Problem details | As an exercise, transcribe the data below in full and exactly, omitting pictures.

****

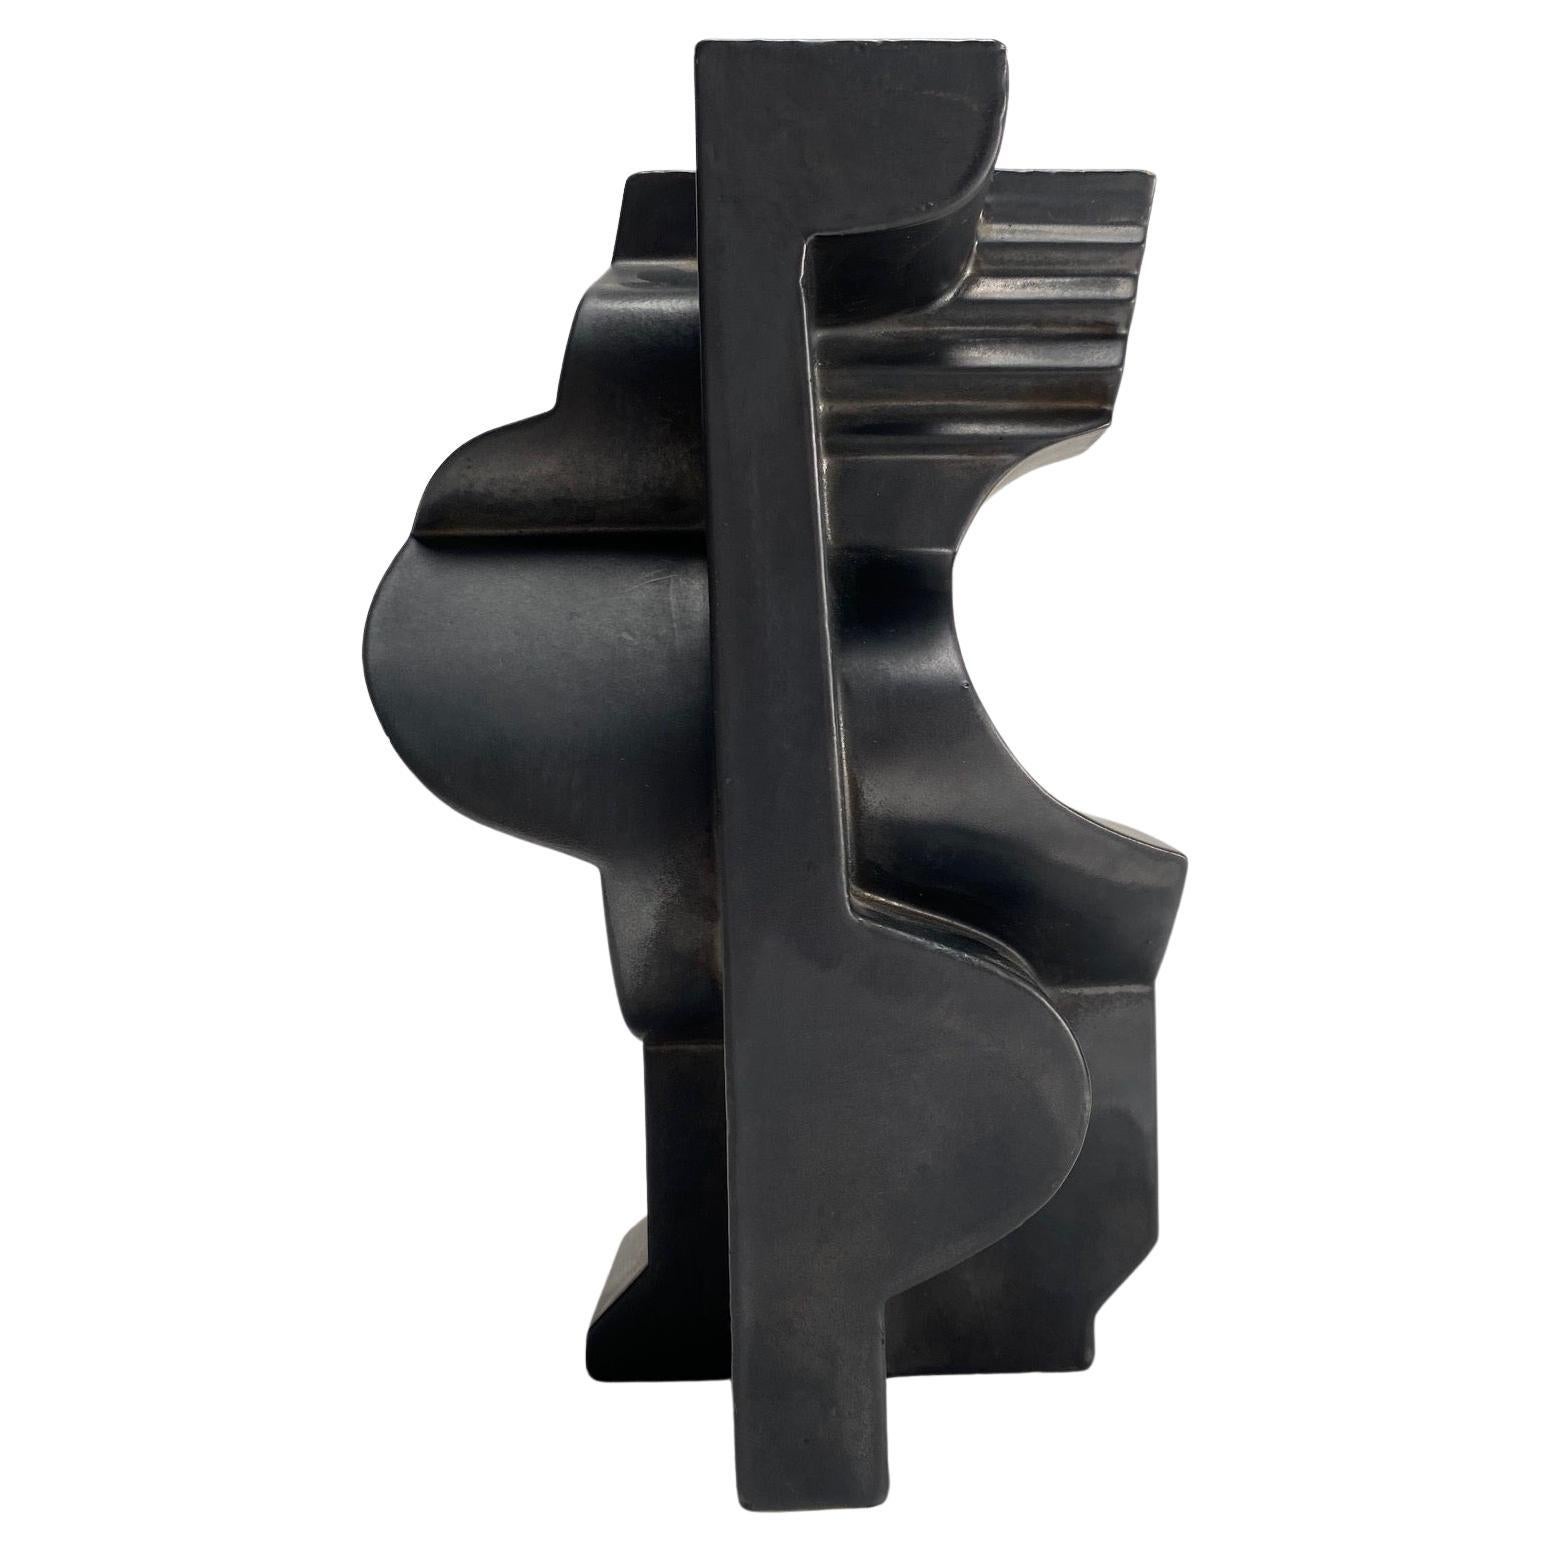 Nino Caruso ( Tripoli 1928 - Rome 2017 )
Sculpture abstraite en céramique émaillée noire. 1974, signée et datée sous la base.

Céramiste, sculpteur et designer italien, Nino Caruso a été l'un des protagonistes de la vie artistique et créative
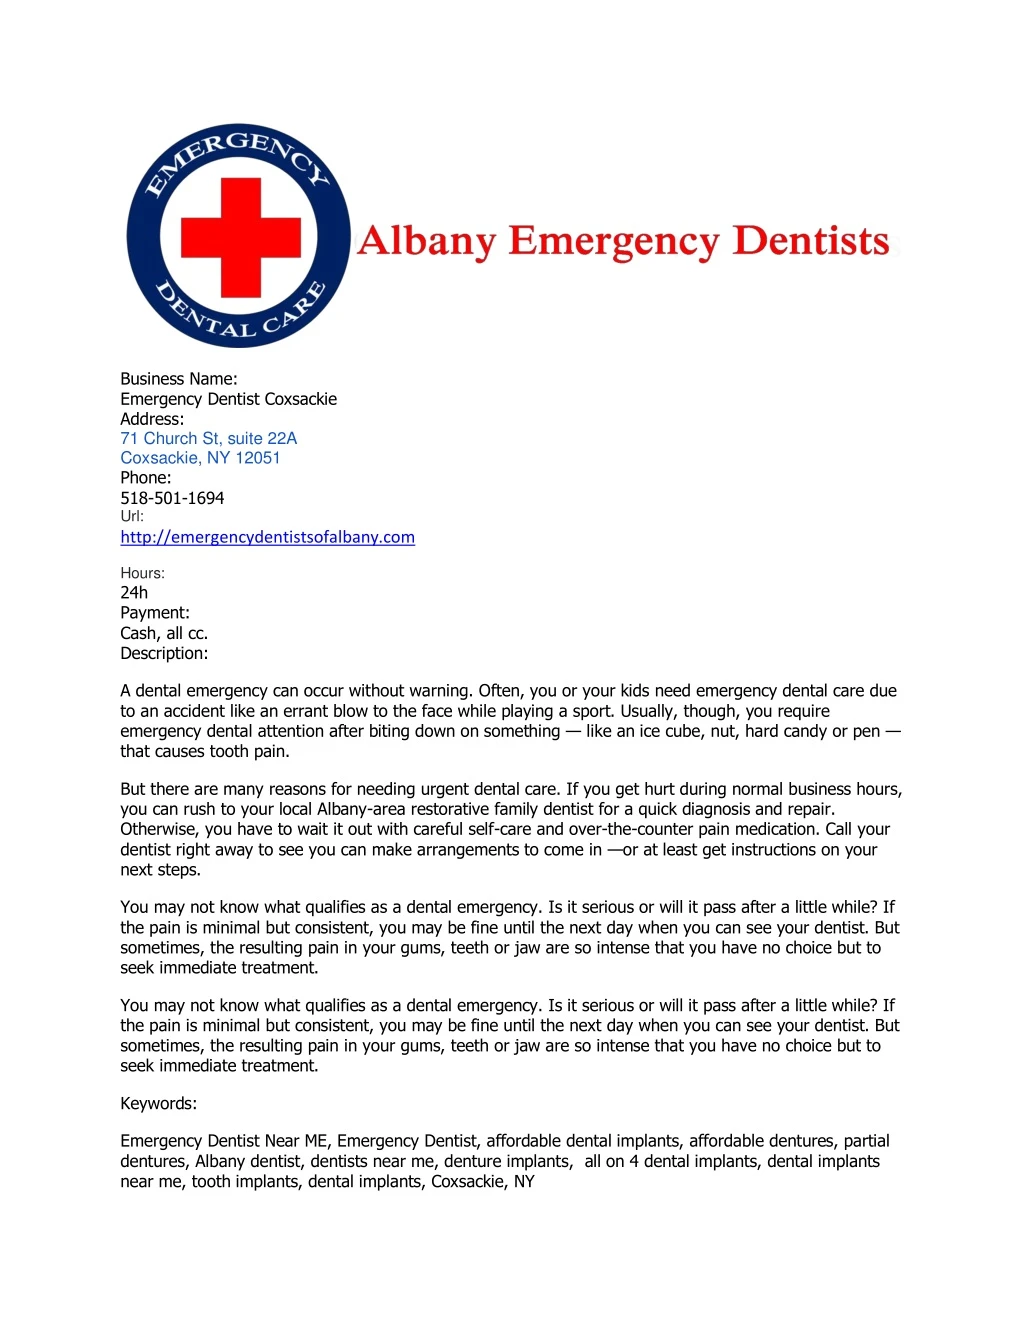 business name emergency dentist coxsackie address
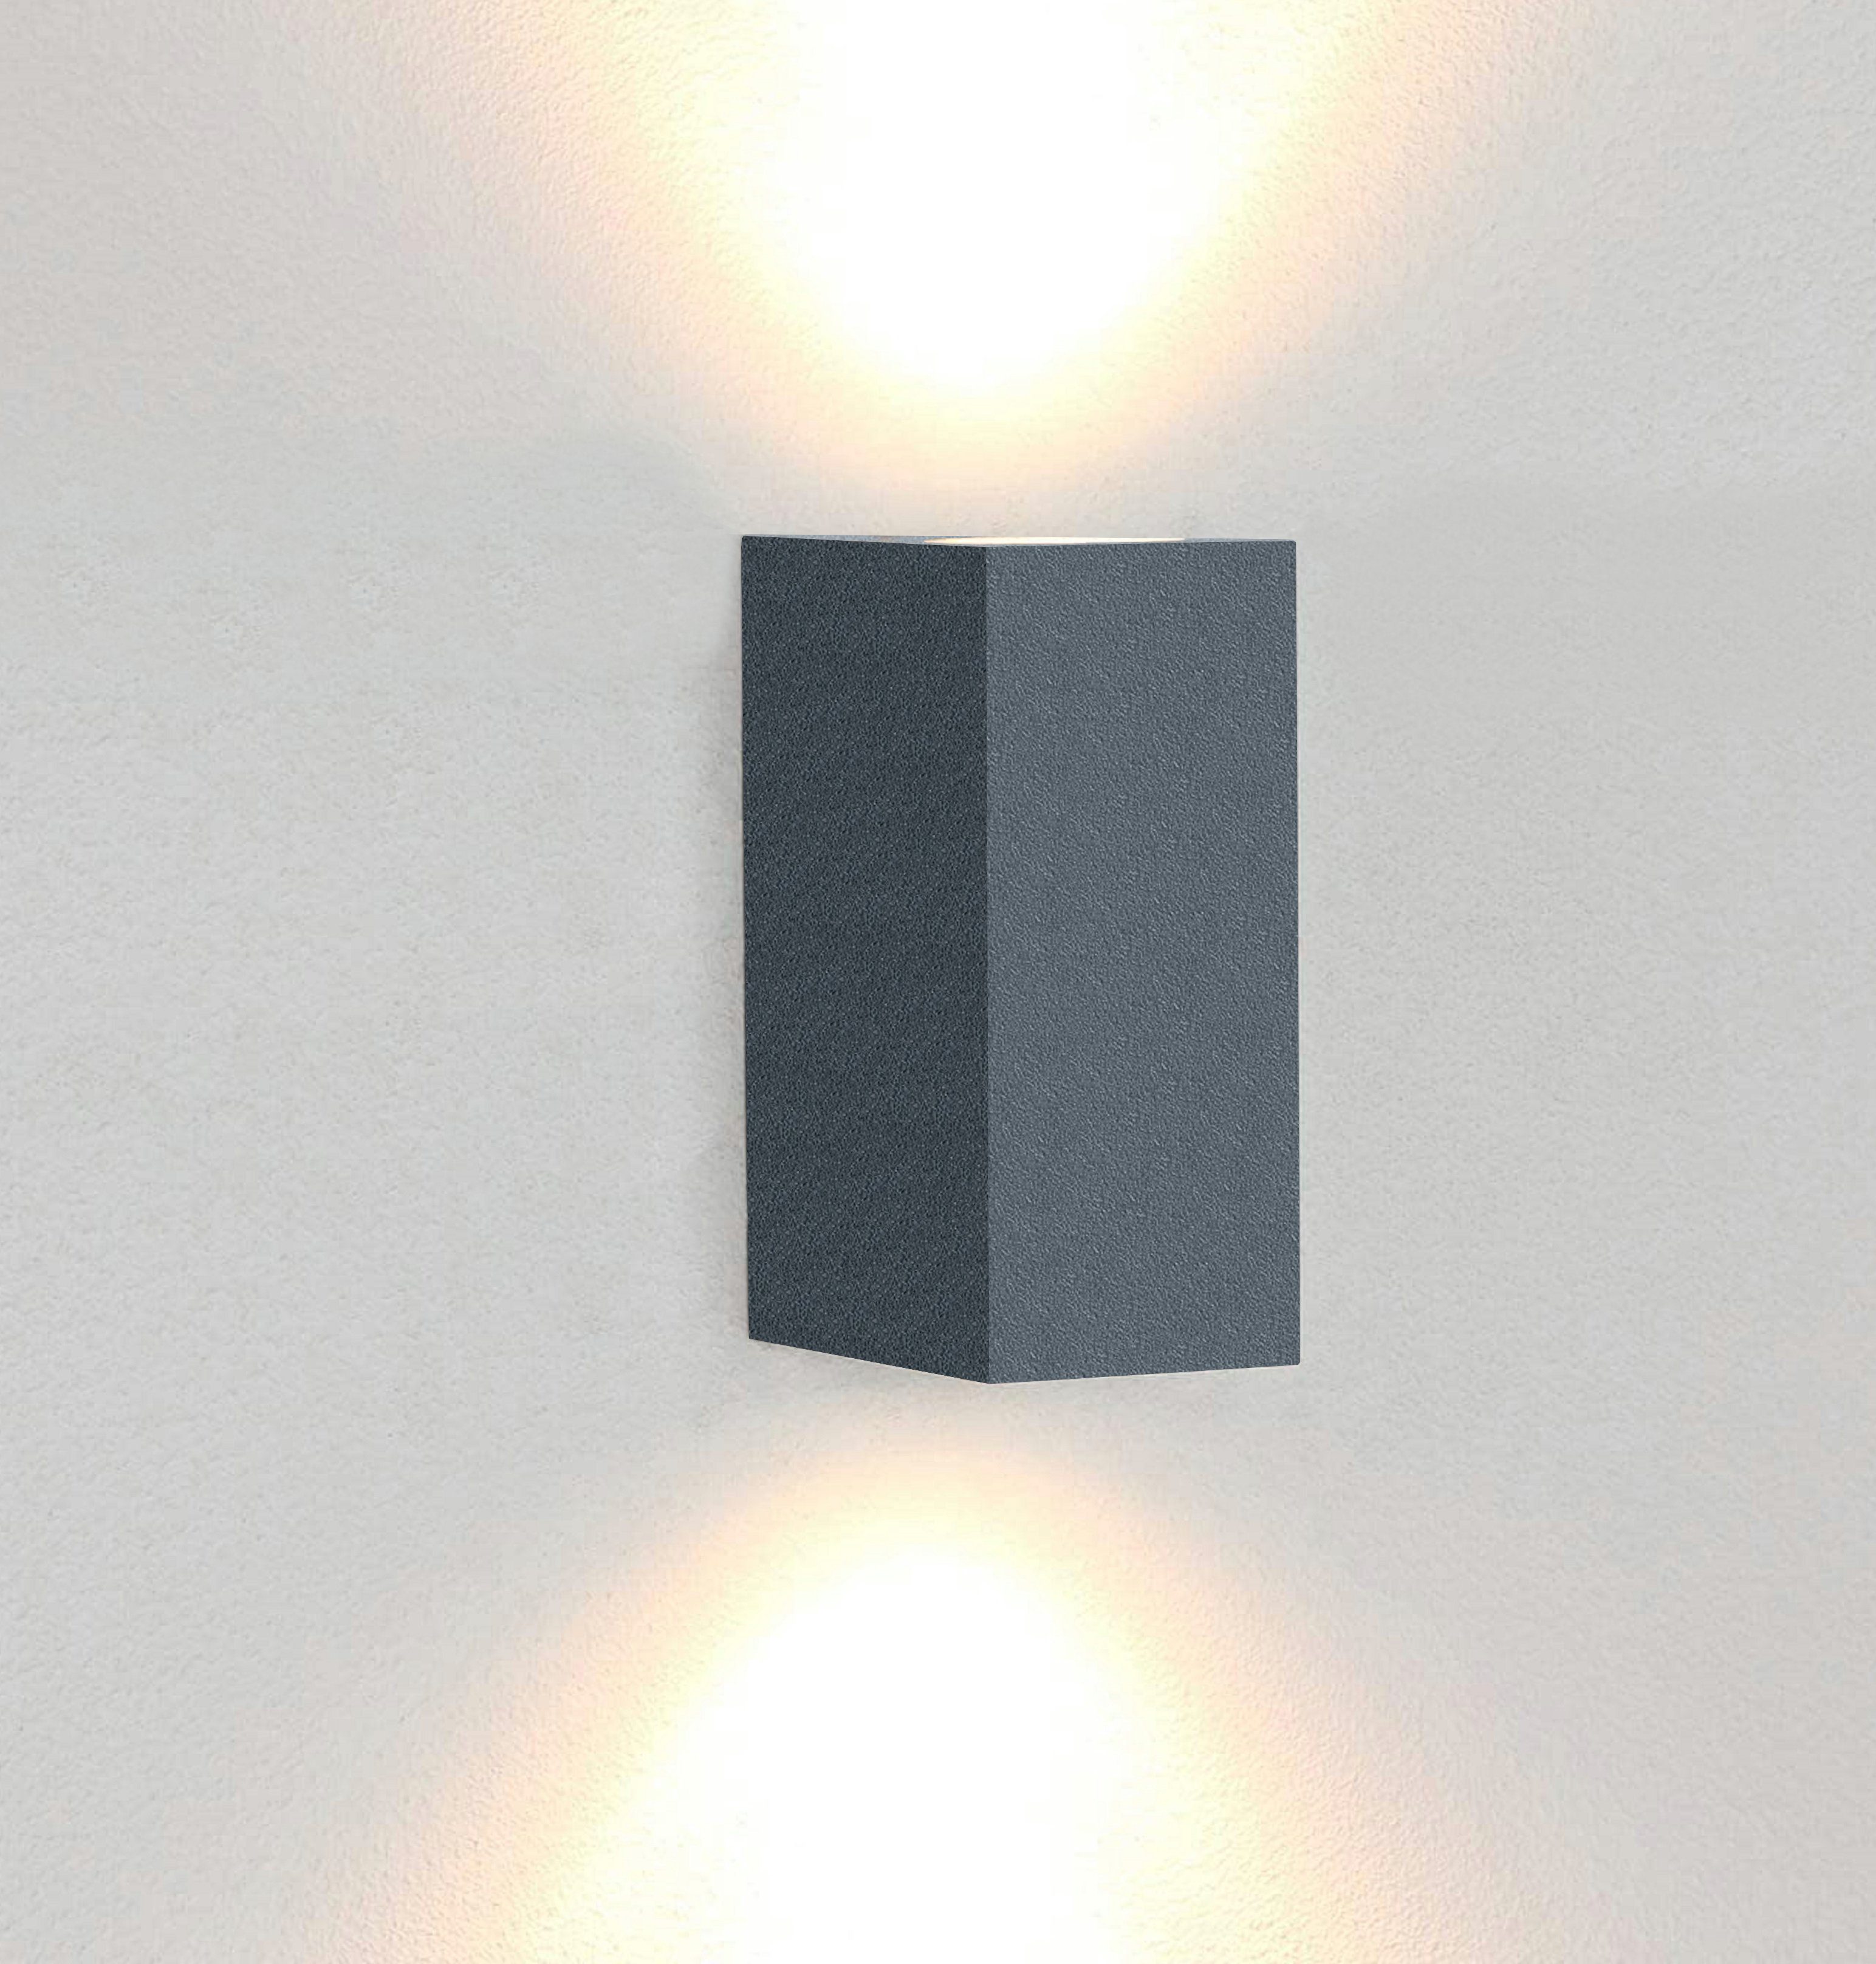 Cube Würfel LED Wand Leuchte Lampe Up Down für außen/innen wasserdicht Warmweiß

****

Answer box |
 Nino Caruso ( Tripoli 1928 - Rome 2017 )
Sculpture abstraite en céramique émaillée noire. 1974, signée et datée sous la base.

Céramiste, sculpteur et designer italien, Nino Caruso a été l'un des protagonistes de la vie artistique et créative
 business name emergency dentist coxsackie address
 Cube Würfel LED Wand Leuchte Lampe Up Down für außen/innen wasserdicht Warmweiß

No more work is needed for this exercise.